The problem:
Below are the records; print exactly the lines from the one with "シールで簡単に取り付け可能なスマートロック「Sesame 4」取り扱い ..." through the last, both included, and leave the pictures out.

◆ ◆ ◆ ◆ ◆ ◆ ◆

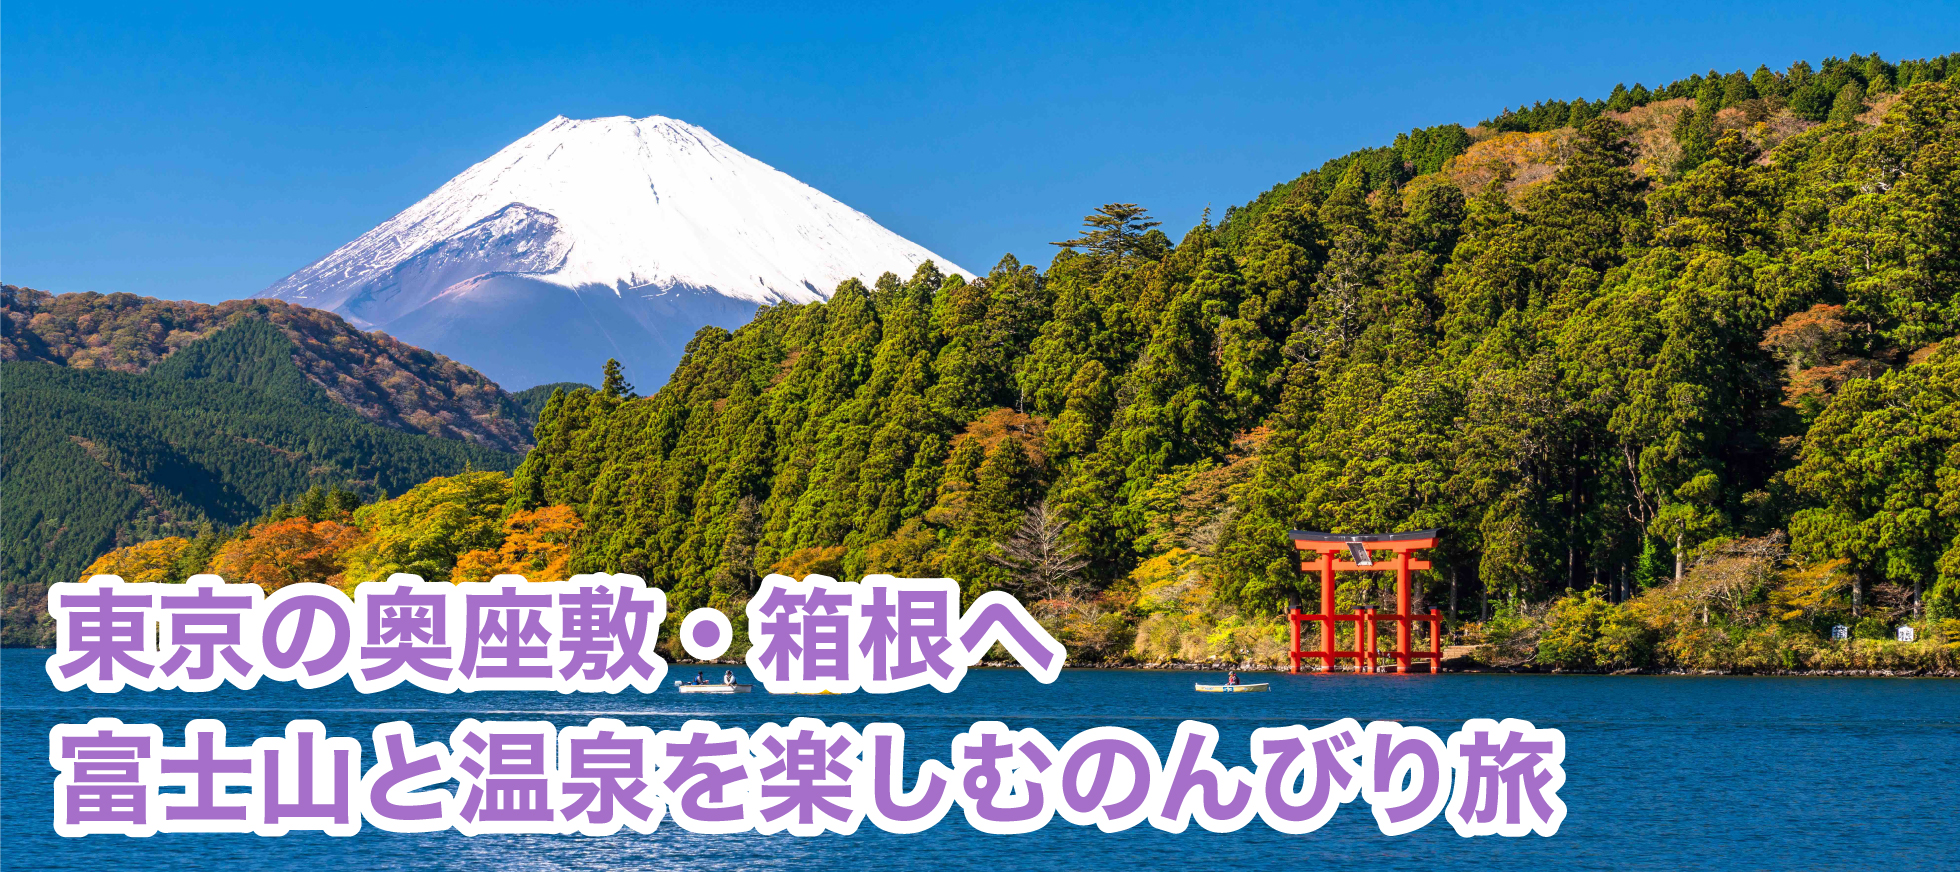 东京内客厅箱根悠闲之旅，赏富士山、泡温泉
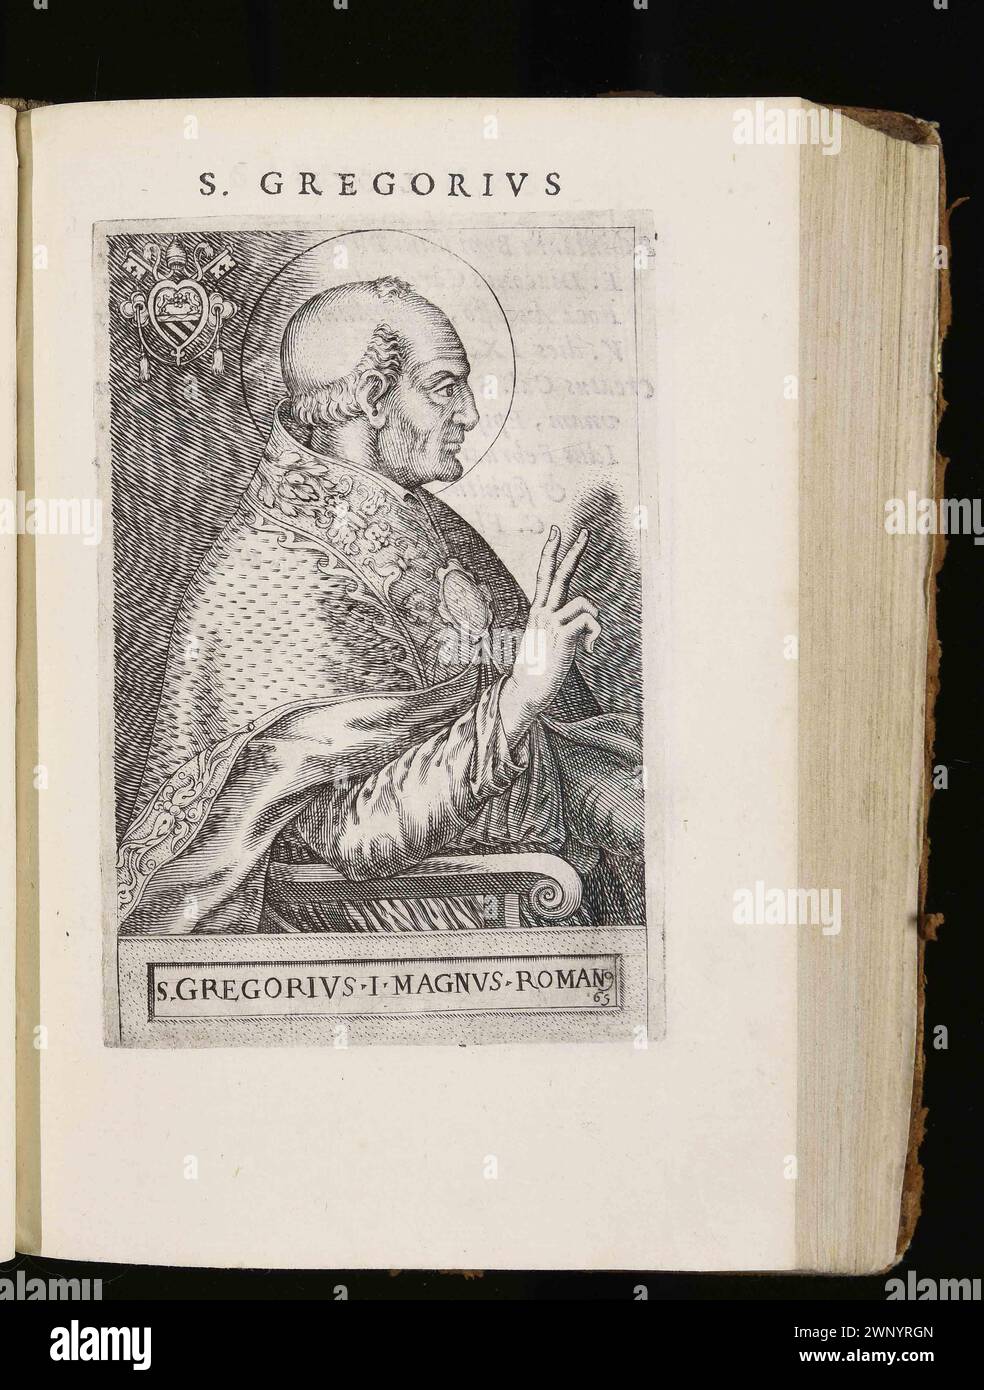 Un'incisione del 1580 di Papa Gregorio i (noto anche come San Gregorio Magno) che fu pontefice dall'AD590 all'AD604. Era il 64° papa. Fu lui che introdusse il canto semplice noto come canto gregoriano. Foto Stock
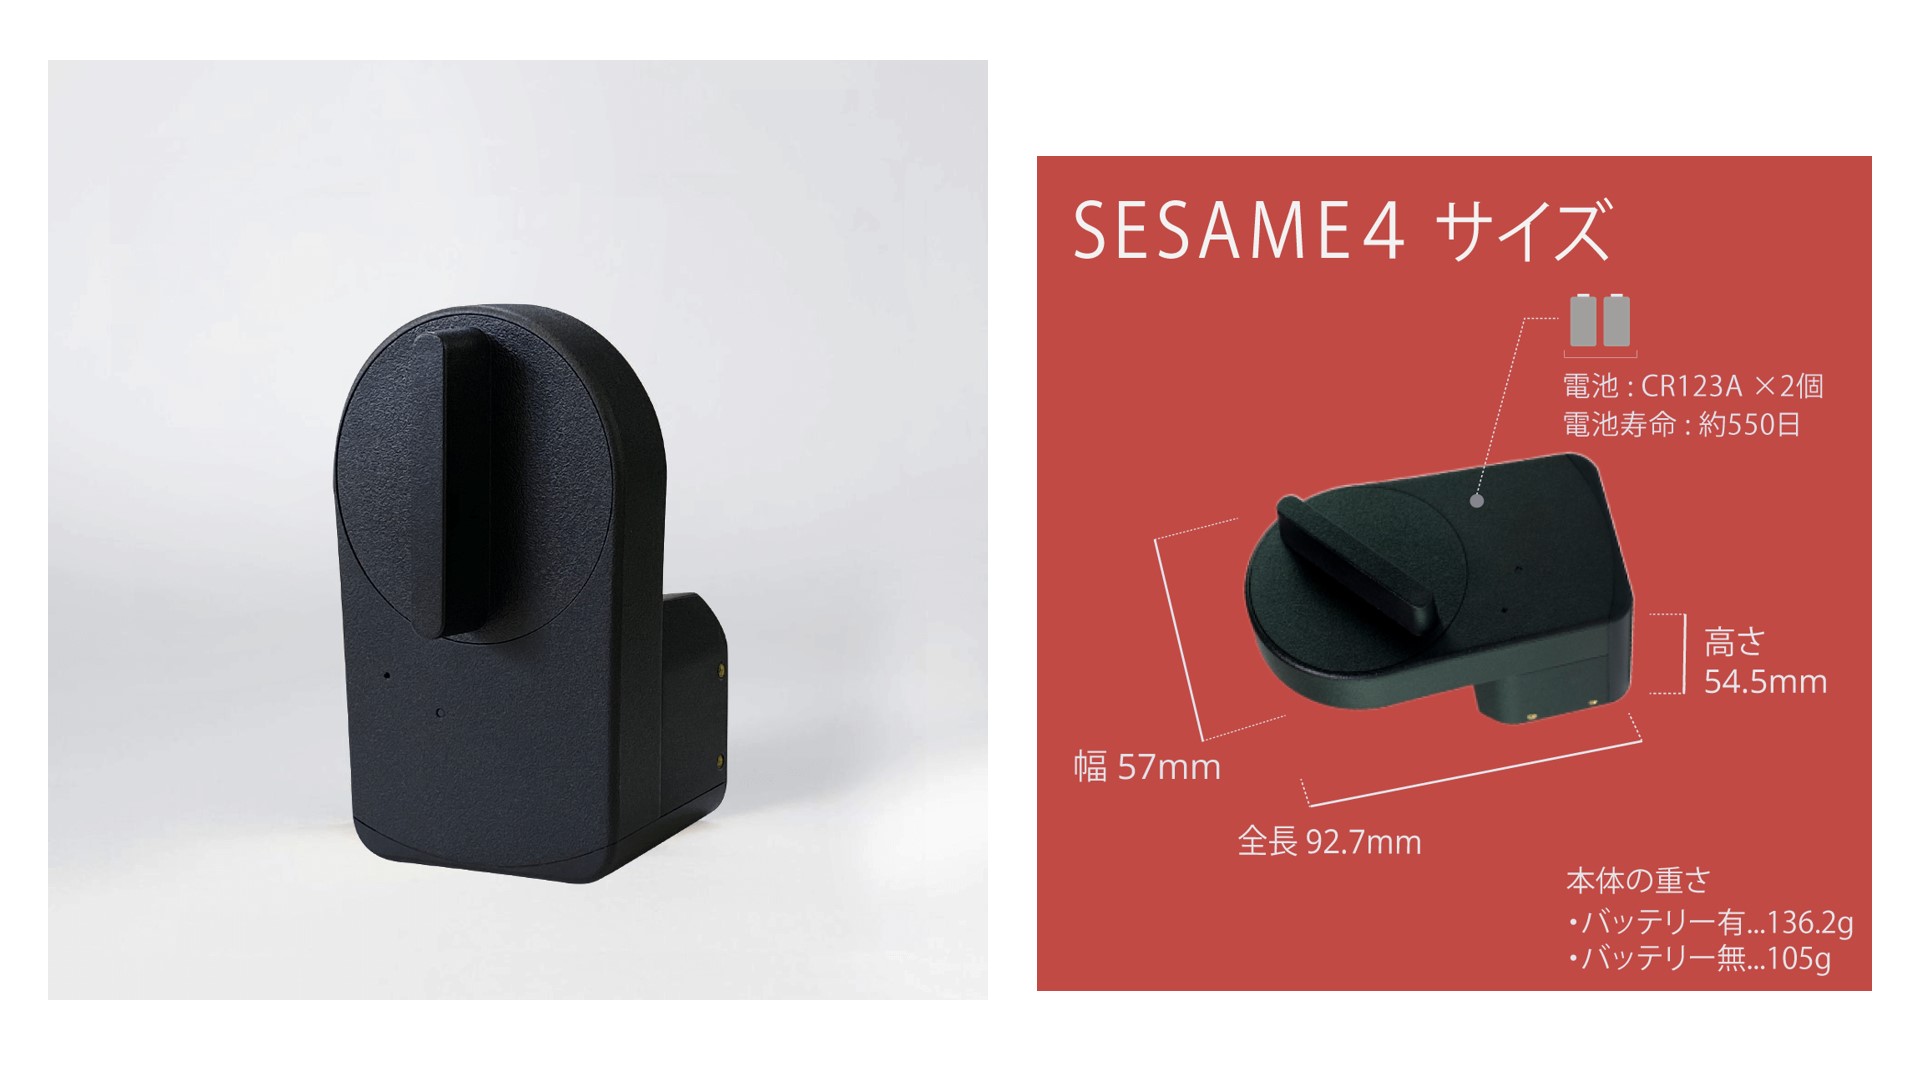 シールで簡単に取り付け可能なスマートロック「Sesame 4」取り扱い ...
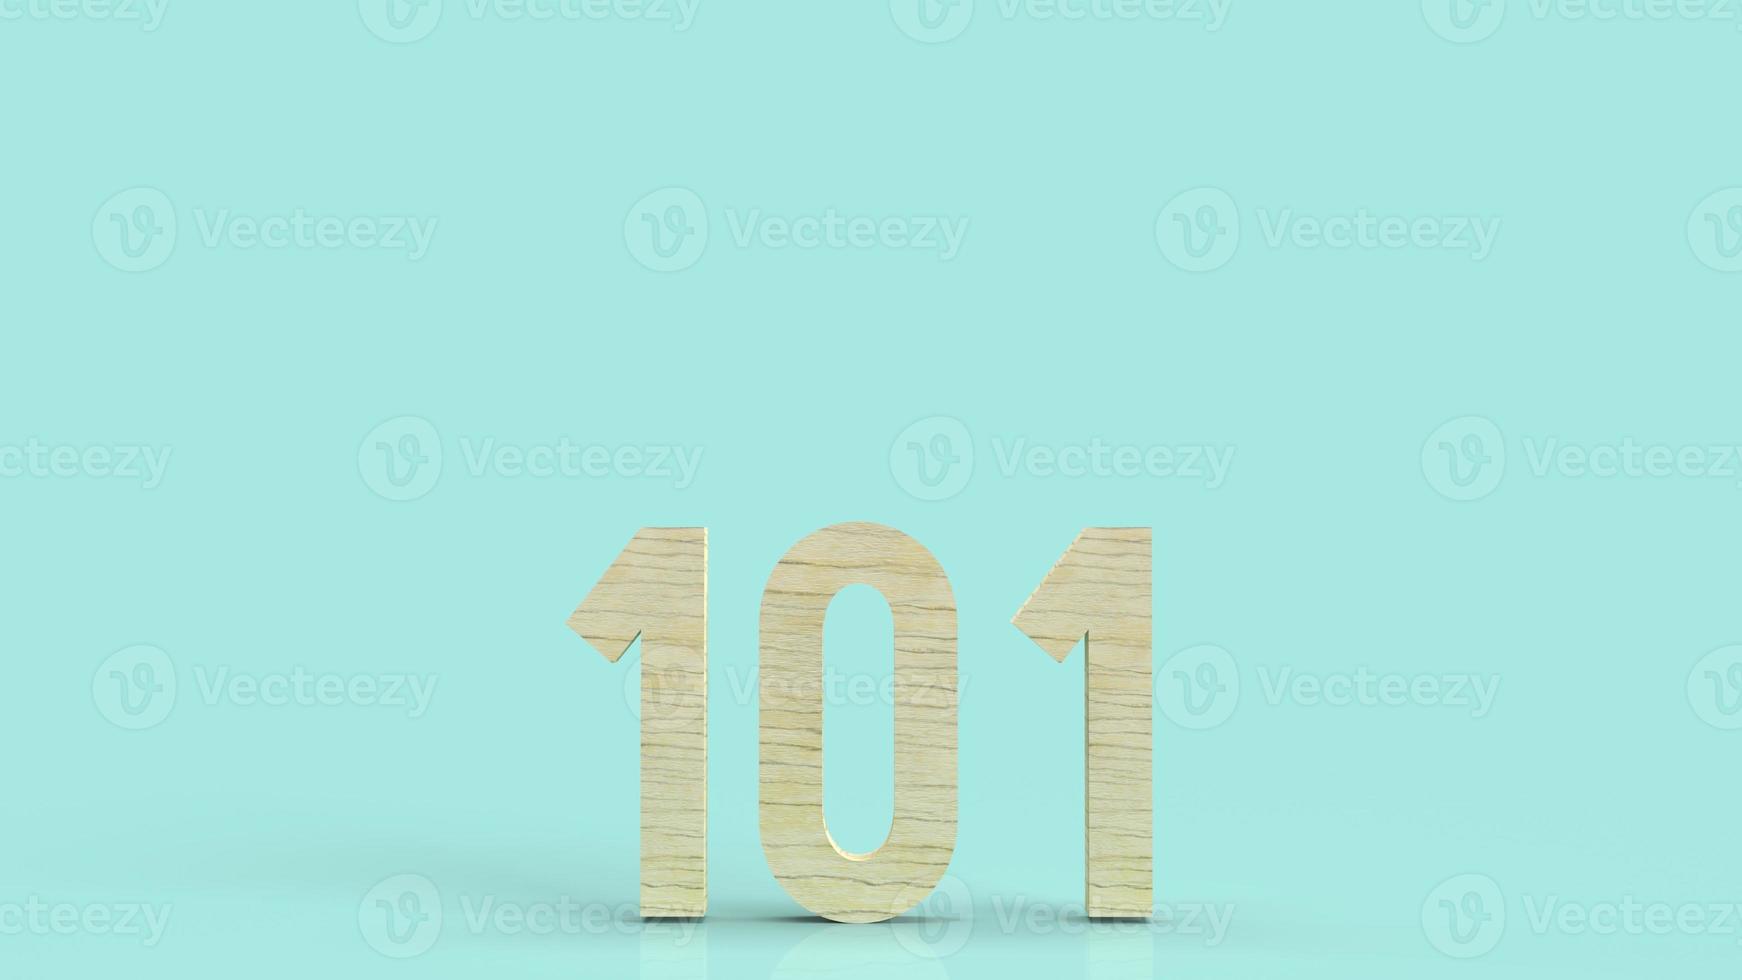 101 hout nummer 3D-rendering op blauwe achtergrond symbool voor beginners concept foto
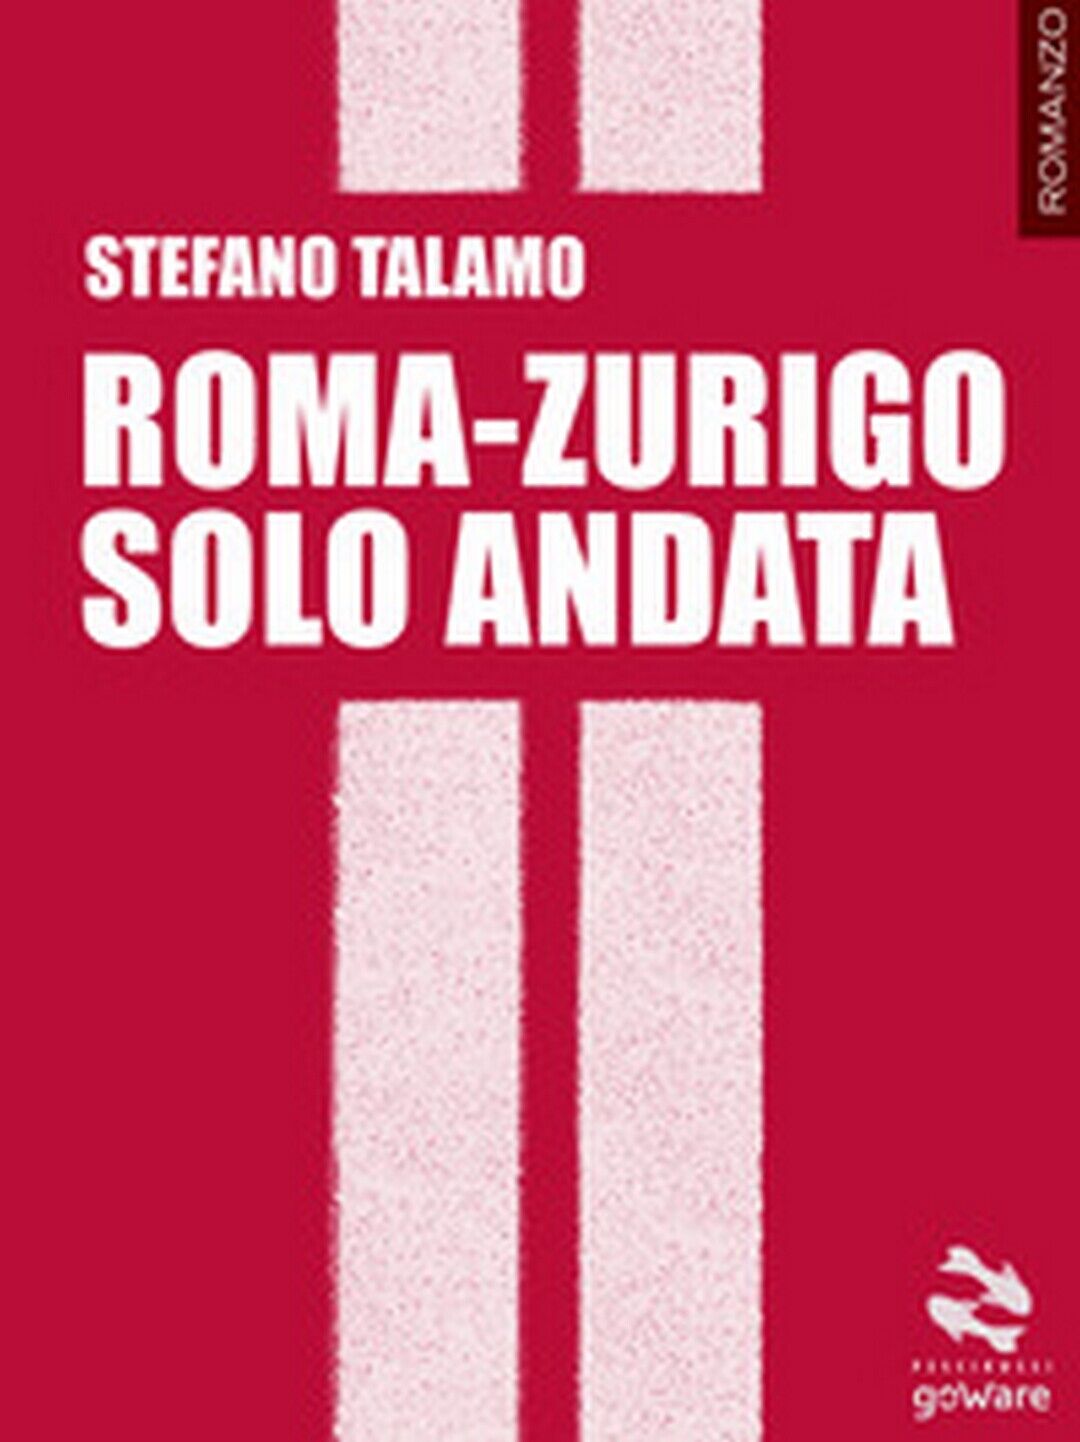 Roma-Zurigo solo andata  di Stefano Talamo,  2017,  Goware

◆ ◆ ◆ ◆ ◆ ◆ ◆

Answer for this exercise:
 シールで簡単に取り付け可能なスマートロック「Sesame 4」取り扱い ...
 101 hout nummer 3D-rendering op blauwe achtergrond symbool voor beginners concept foto
 Roma-Zurigo solo andata  di Stefano Talamo,  2017,  Goware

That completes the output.